Dentro de la unidad de "recepción" los empleaods eachers ("recepcionadores") deshacen los palés de los camiones y catalogan la mercancía. Los stowers ("almacenadores"), colocan los artículos donde pueden, en las inmensas estanterías, para ir conformando un bazar que es únicamente clasificado por un escáner Wi-Fi lector de códigos de barras. Para exorcizar la vertiginosa geografía de los kilómetros lineales, en medi de esta formidable acumulación de mercaderías, las tecnología más moderna guía, controla y mide la productividad de los empleados que cumplen con extenuantes tareas repetitivas. En la unidad llamada "de producción", los pickers ("recolectores"), también guiados por sus escáneres, recorren las estanterías. Para recoger artículos incansablemente, caminan más de veinte kilómetros por puesto de trabajo (cifra oficial de las agencia de trabajo temporal que los sindicalistas cuestionan, porque la consideran mayor).
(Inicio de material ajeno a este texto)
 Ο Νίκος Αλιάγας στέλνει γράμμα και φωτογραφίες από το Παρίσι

Una vez que se extrae un producto, el escáner muestra una cuenta regresiva y ordena al trabajador que vaya a buscar el siguiente. Su elección está determinada por sistema, para optimizar la distancia de viaje. Cuando su carro rodante está lleno, los pickers lo llevan con los packers ("empaquetadores"). Estos están fijos en un lugar y empaquetan los productos en cadena, antes de empujar los paquetes a inmensos transportadores informatizados. Estos pesan los cartones con la sonrisa de Amazon impresa, pegan las direcciones y luegos los reparten según el servicio postal o el transportista internacional que le corresponda.
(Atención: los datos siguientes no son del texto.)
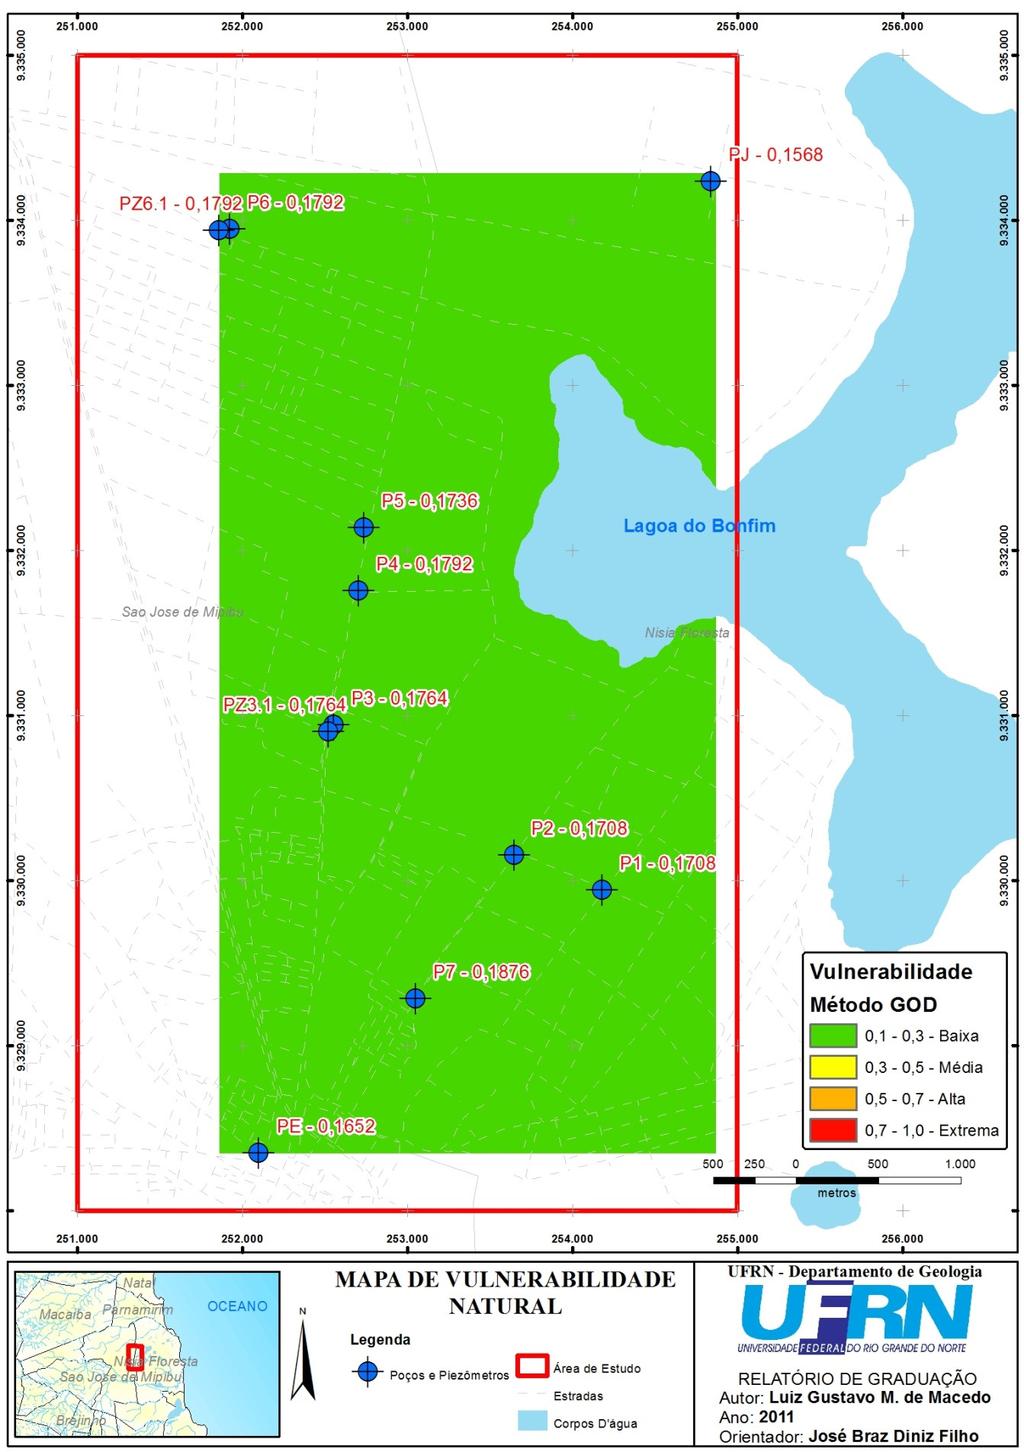 Figura 06: Mapa de vulnerabilidade natural à contaminação do aquífero Barreiras inferior semi-confinado, a oeste da Lagoa do Bonfim/Nísia Floresta-RN, segundo o Método de FOSTER & HIRATA (988).

"La sonrisa en el paquete no es la nuestra" manifiesta Jens Brumma, de 38 años, stower desde 2003. Después de alternar desocupación y empleos temporales en Amazon durante siete años desde 2010 ha ido encadenando contratos a corto plazo, porque la dirección se niega a hacerle un contrato definitivo. Como a cada empleado de cualquier parte del mundo, sus contratos le prohíben terminantemente hablar sobre el trabajo con su familia, amigos o periodistas. "El silencio que nos imponen -aclara- no es para proteger los secretos industriales, a los que no tenemos acceso: es para callar lo extremadamente penoso de nuestras condiciones laborales."

( 1 ) A pesar de nuestras reiteradas peticiones, Amazon no quiso responder a nuestras preguntas. 
( 2 ) También hay calles Amazon en Graben, Pforzheim y Kobern- Gondorf en Alemania y dos en Francia, en Sevrey (Saône-et-Loire) y en Lauwin-Planque (Norte) . 
( 3 ) Los sitios de Amazon tienen todos nombres que constan de tres letras y un número. Las naves logísticas son bautizadas con el nombre del aeropuerto internacional más cercano; aquí el de Frankfurt. 
( 4 ) Spencer Soper, "Inside Amazon's warehouse", The Morning Call, Allentown (Pennsylvania ), 18 de septiembre de 2011.
 ( 5 ) El Sr. Bezos fue elegido Empresario del Año 2012 por la revista Fortune.
 ( 6 ) Amazon también introdujo un mercado de trabajo en línea, Amazon Mechanical Turk, que ofrece a los usuarios de Internet hacer microtareas a cambio de una microremuneración. Leer: Pierre Lazuly, "Télétravail à prix bradés sur Internet ", Le Monde diplomatique, agosto de 2006.